Sheridan himself is an interesting fellow. The son of an actor and an author, he was educated with future lords and magnates at Harrow, but a youthful marriage turned him to the stage. His first play, The Rivals, appeared in 1775 and was so successful that Sheridan was able to buy the Drury Lane Theatre from David Garrick and become what the English used to call a manager -- part producer, part impresario. In addition to his career in the theater, Sheridan was a successful politician.
The School for Scandal proves why Sheridan's other career was natural. Its complex plot includes two brothers, one a profligate and the other a hypocrite of the worst sort, contending for the same young woman. There's also an older man having troubles with his much younger wife, and a rich uncle must select one of two nephews as his heir. Interfering everywhere with the most malicious gossip are the scandalmongers -- a coven of men and women who, out of boredom or unmotivated spite, try to destroy the lives of their innocent peers. Though the virtuous or sort-of-virtuous triumph and the vicious get their comeuppance, The School for Scandal ends with much the same ambiguity as Molière's Tartuffe: Luck, not justice, has triumphed. The comedy conceals a moral melodrama wherein the posse might not have arrived on time and the train could easily have bisected Little Nell.

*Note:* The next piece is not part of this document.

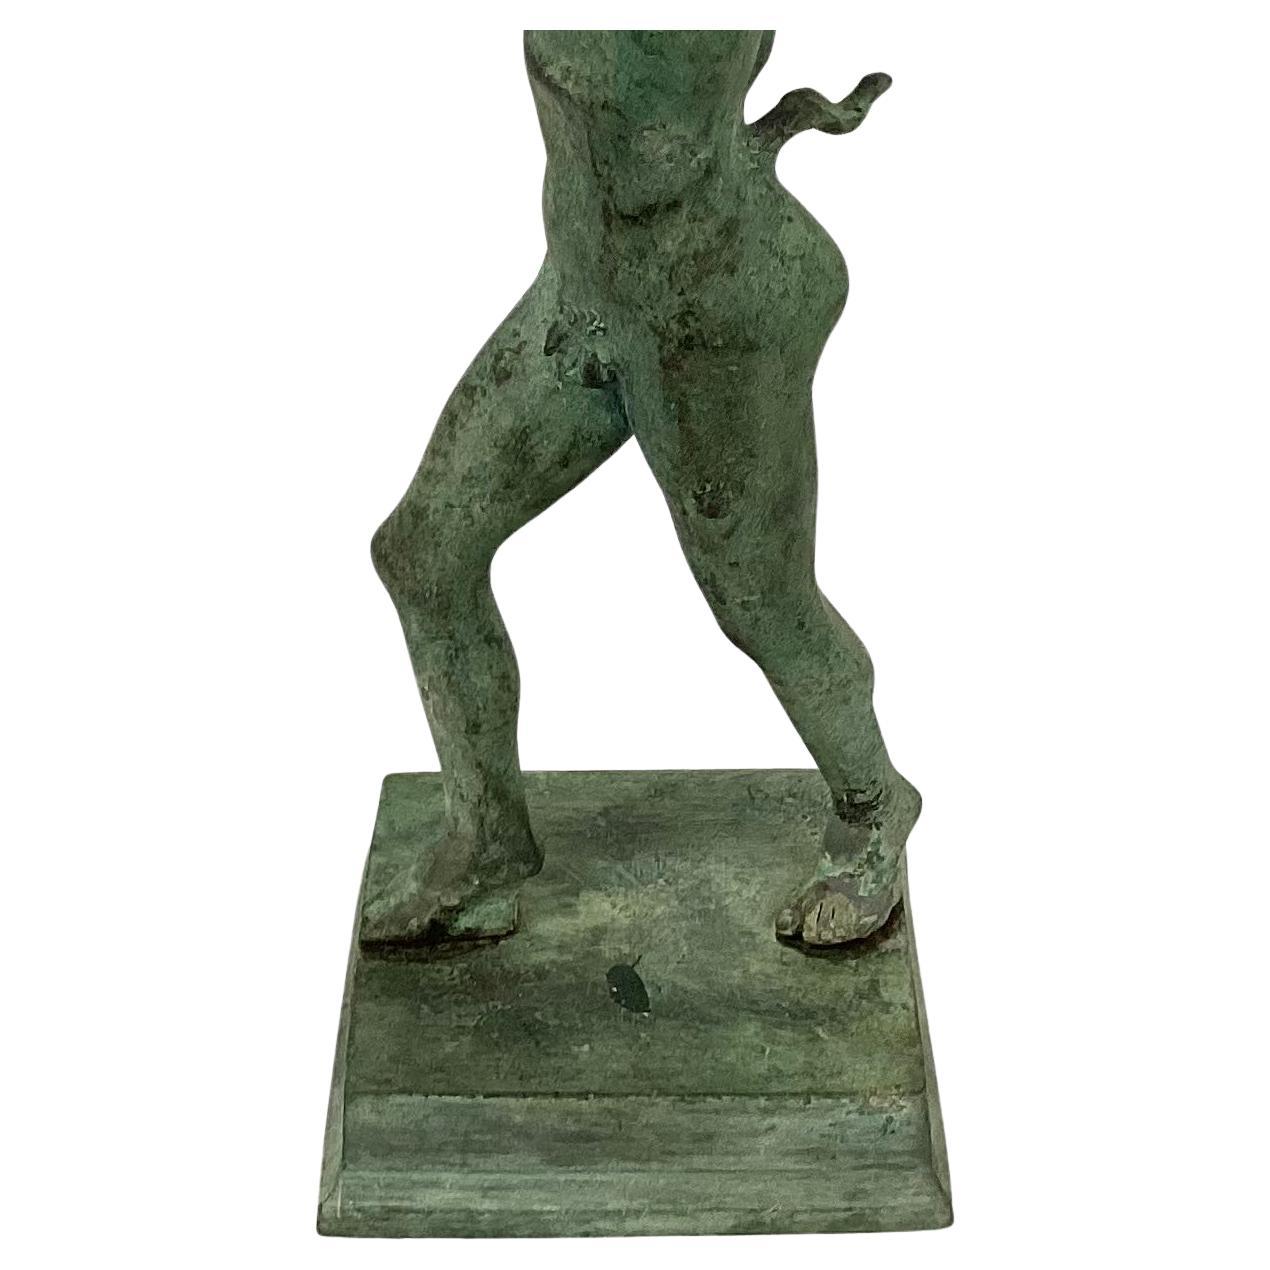 Italian classical bronze sculpture of the Dancing Faun of Pompeii. Fauns were an example of spirits of untamed woodland, often connected to Pan and Greek satyrs by Romans, or followers of the Greek god of wine and agriculture, Dionysus. This joyful

Save for two servants, all the characters are gentry or minor nobility. They are creatures of leisure: Most have no business to transact, no one to please but themselves. They have no children, only wards or nephews. This milieu of barren idleness hovers behind almost every action of the play. Of the three completely decent characters in the play, one is a middle-class man-of-business for three other characters, another has only recently returned from a 16-year business trip and the third is a young woman -- scarcely more than a girl -- of unaffected principle. It is also important to recognize that Sheridan evokes an aura of degeneracy without any sexual action that might bring a blush to the most sensitive cheeks; there is no violence. Bad behavior like selfishness and untruthfulness concerns us, and if our fiction and theater would return to consideration of such matters, perhaps they'd become more interesting and more useful.

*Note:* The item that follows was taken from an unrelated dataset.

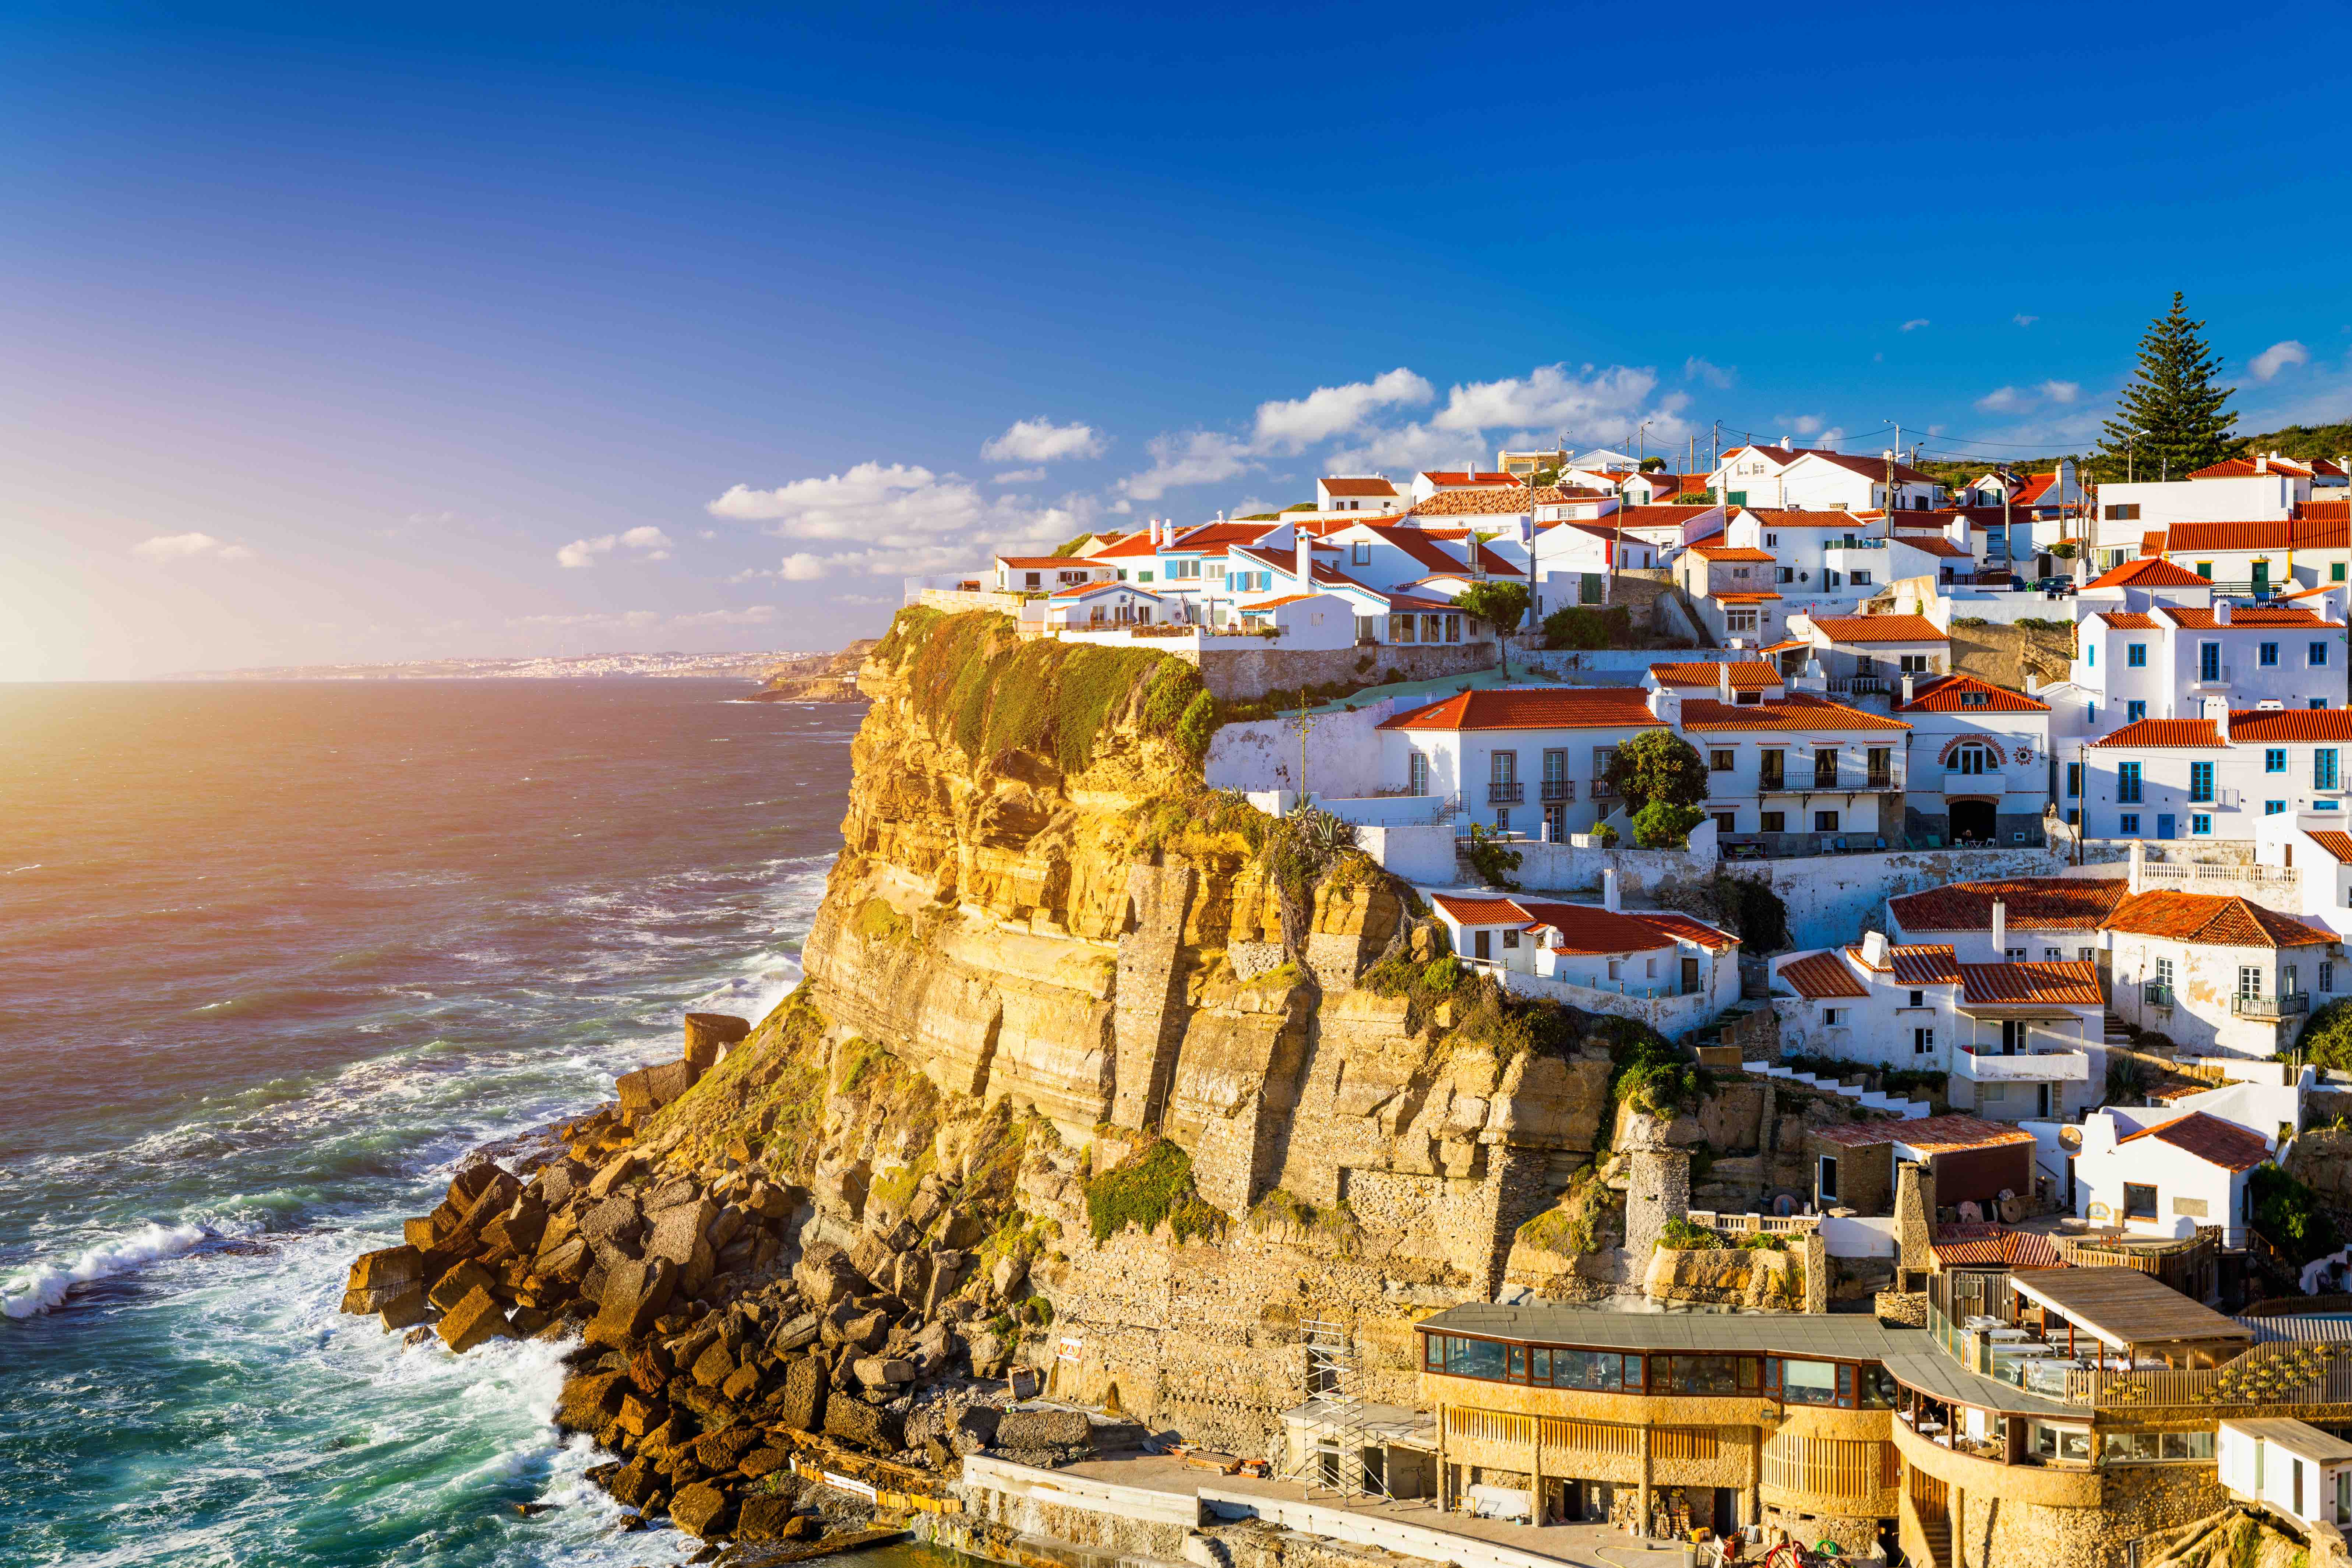 80 Portugal Facts That Are Too Beautiful To Miss - Facts.net

The strong cast (but then, all Conservatory productions have strong casts) is headed by James Andrew Butz as Mr. Joseph Surface, a canting hypocrite whose purposes include ruining the name of his younger brother, Charles (Dallas A. Amsden); marrying an attractive, wealthy and intelligent heiress, Maria (Mika Porro); and seducing Lady Teazle (Aubrey Breneman), the young wife of the much older Sir Peter Teazle (Kern McFadden). Butz makes Joseph Surface genuinely frightening, not only by cloaking his interpretation in an aura of palpable nastiness but by making him seem so intelligent. Breneman -- a tall, slim, beautiful woman -- is a wonderful comedienne with fluent body language. When she squabbles with her elderly husband, Breneman seems driven to it by his insistence that she crawl, and when she is terribly compromised by Joseph Surface's malignity, she projects a pitiable, heartbreaking shame. It is also mournful to realize that McFadden is graduating this spring and St. Louis will lose its most accomplished creator of comic old farts.
Bruce Longworth's direction is assured and competent. He has seen the play's unity and never allows his actors to disrupt it or his audience to escape it. The 14 scenes follow one another seamlessly (because of the able work of scene designer Scott C. Neale and the lighting of Sarah Duncan), and when the characters surprise us, Longworth has made sure the audience is emotionally and intellectually prepared for the surprise.
The only choice Longworth has made with which one quarrels is his decision to use British accents. This creates two problems: First, the young actors, especially the women, have consistent problems with clearly enunciating their lines and speaking limey at the same time. Second, despite dialect coach Bill Lynch's help, the young actors don't do the accents well, and Midwestern American vowels creep in to undermine the posh stage British. "Well," theater folk say, "it was meant to be pronounced that way." Not true -- late-18th-century upper-class British English was wildly various: Oxbridge and Mayfair had yet to appear. American dialects do just as well as British in performing the classics, including Shakespeare -- better, in fact, when young American actors are playing the parts.
Despite this almost major error, however, Webster Conservatory's School for Scandal possesses vastly entertaining sweetness and amusingly instructive light. Remember that evening performances begin at 7:30, and don't be late.